External Affairs Minister S Jaishankar said in his address to the high-level UN General Assembly session in September that 'The United Nations responds to terrorism by sanctioning its perpetrators. Those who politicise the UNSC 1267 Sanctions regime, sometimes even to the extent of defending proclaimed terrorists, do so at their own peril. Believe me, they advance neither their own interests nor indeed their reputation'.
Amid repeated holds on proposals to designate terrorists under the UN sanctions regime, Jaishankar had told reporters here last month that terrorism should not be used as a political tool and the idea that something is blocked without assigning a reason challenges common sense.

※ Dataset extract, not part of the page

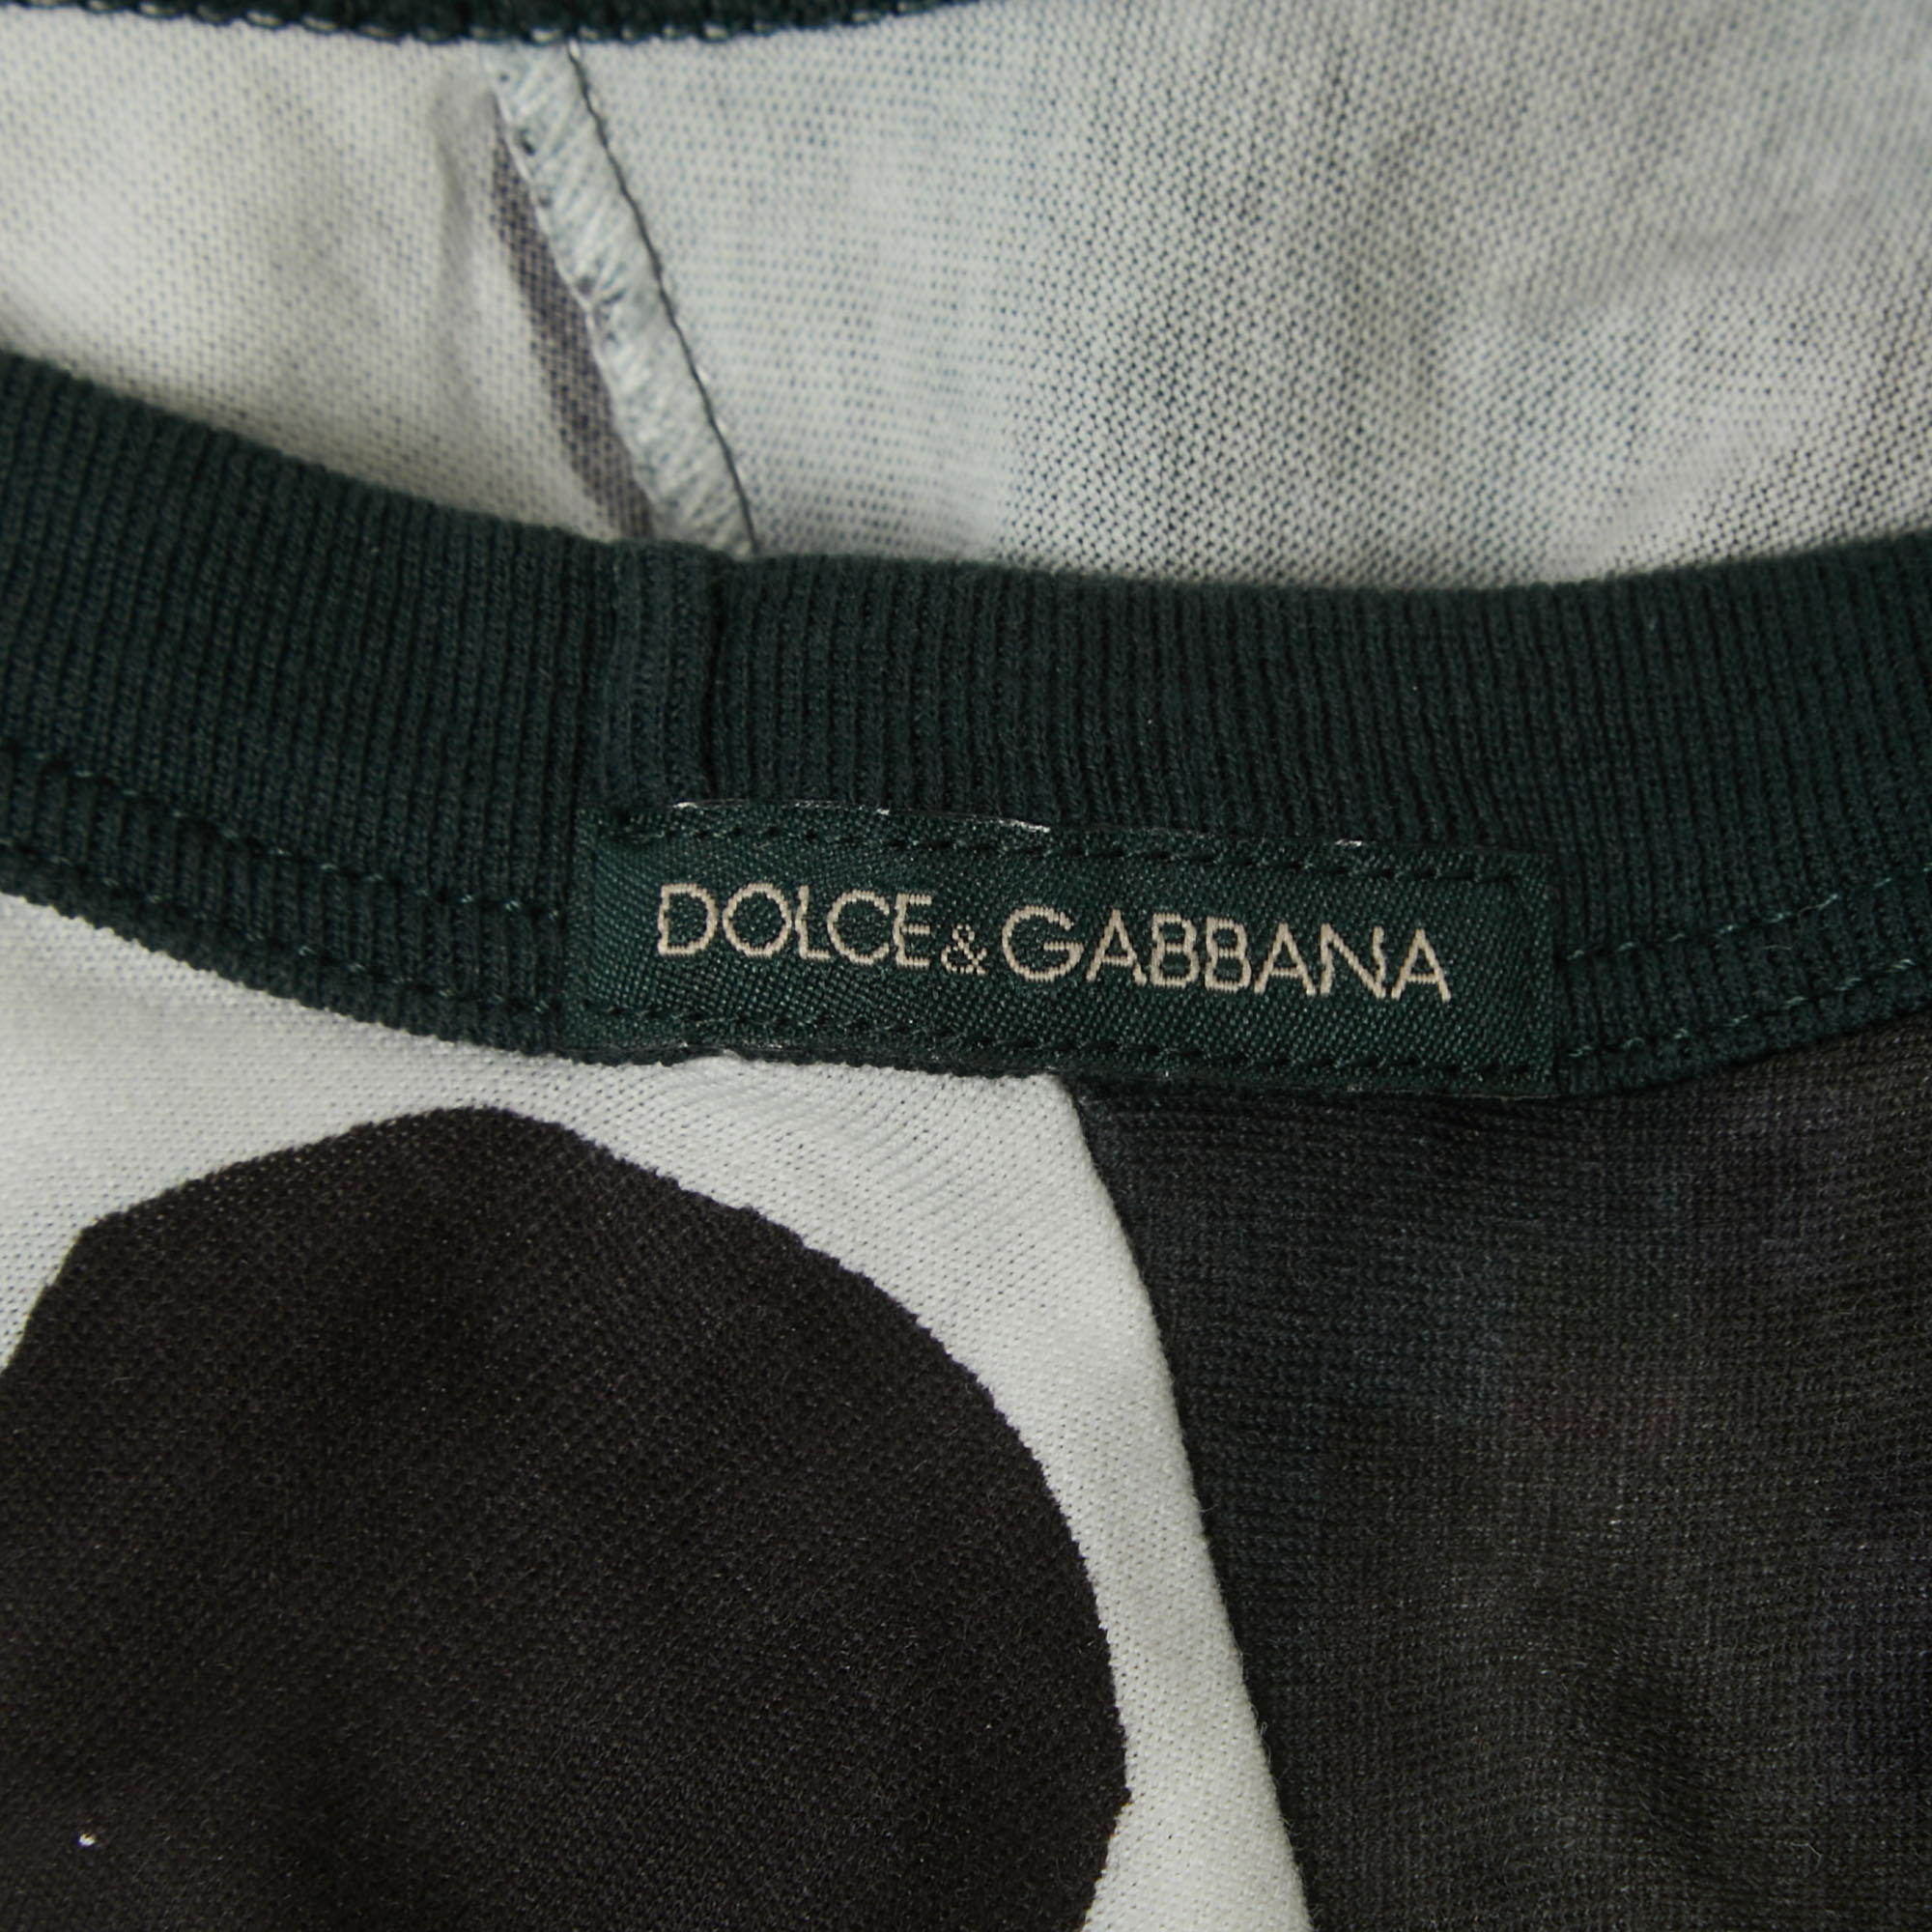 Dolce & Gabbana Multicolor All-Over Print Cotton V-Neck Half Sleeve T-Shirt S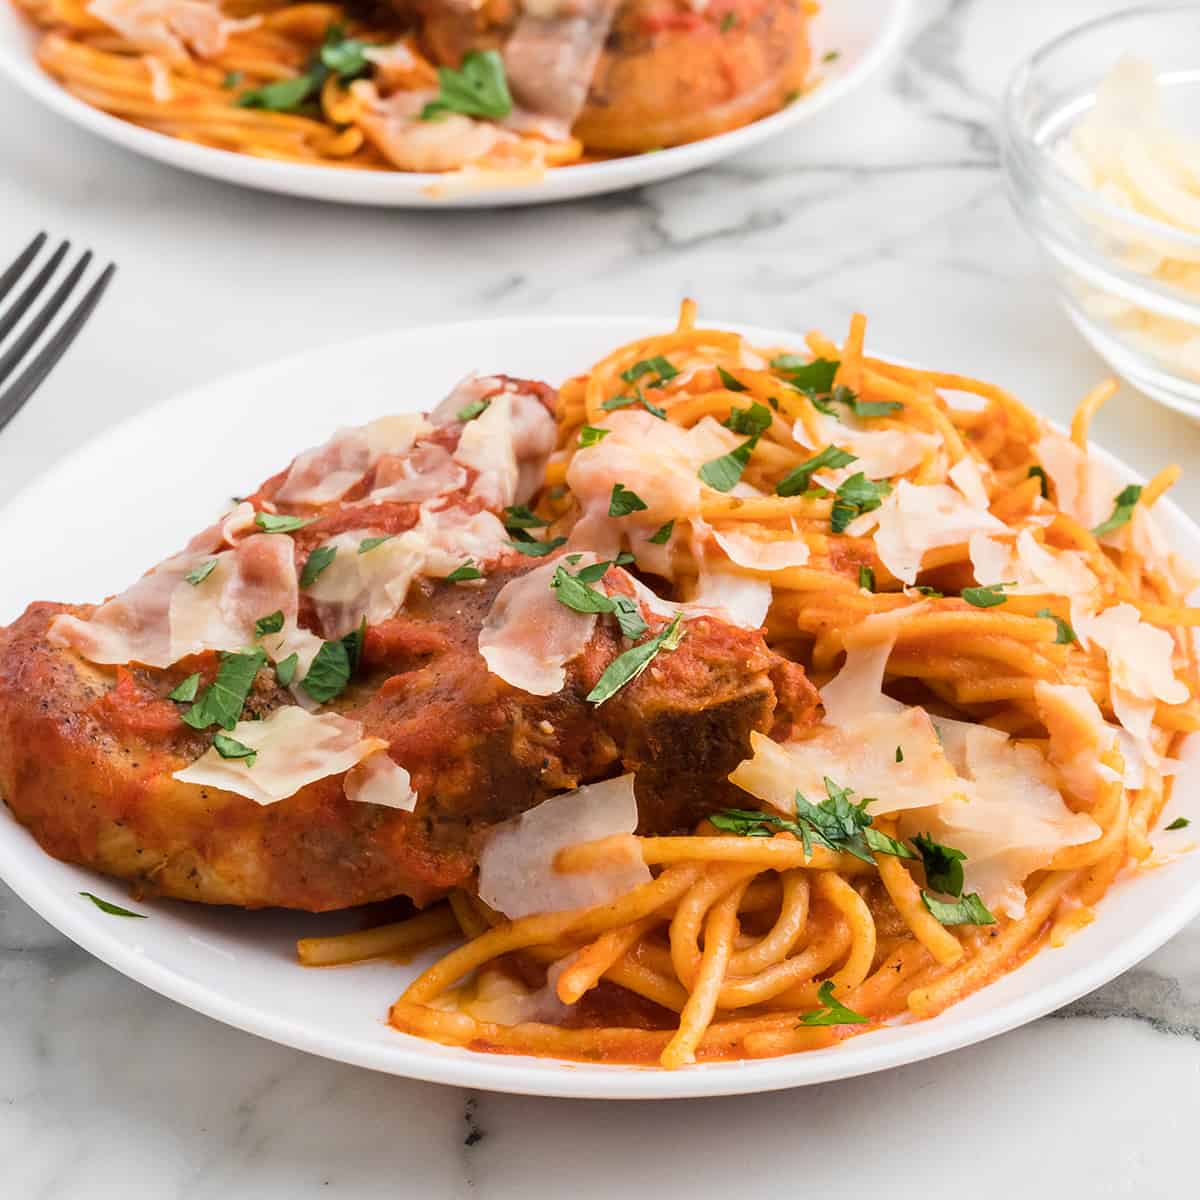 Italian Style Pork Chops with Pasta

'We do believe that in any process if any party is taking a decision, they need to be transparent about it. So the idea that something is blocked without assigning a reason, it sort of challenges common sense,' Jaishankar had said in New York in response to a question by PTI on the issue of repeated holds and blocks on proposals to list terrorists under the UN sanctions regime.
Earlier also, China, an all-weather friend of Islamabad, has placed holds and blocks on bids by India and its allies to list Pakistan-based terrorists.
In May 2019, India had won a huge diplomatic win at the UN when the global body designated Pakistan-based Jaish-e-Mohammed chief Masood Azhar as a 'global terrorist', a decade after New Delhi had first approached the world body on the issue.
A veto-wielding permanent member of the UN Security Council, China was the sole hold-out in the 15-nation body on the bid to blacklist Azhar, blocking attempts by placing a 'technical hold'.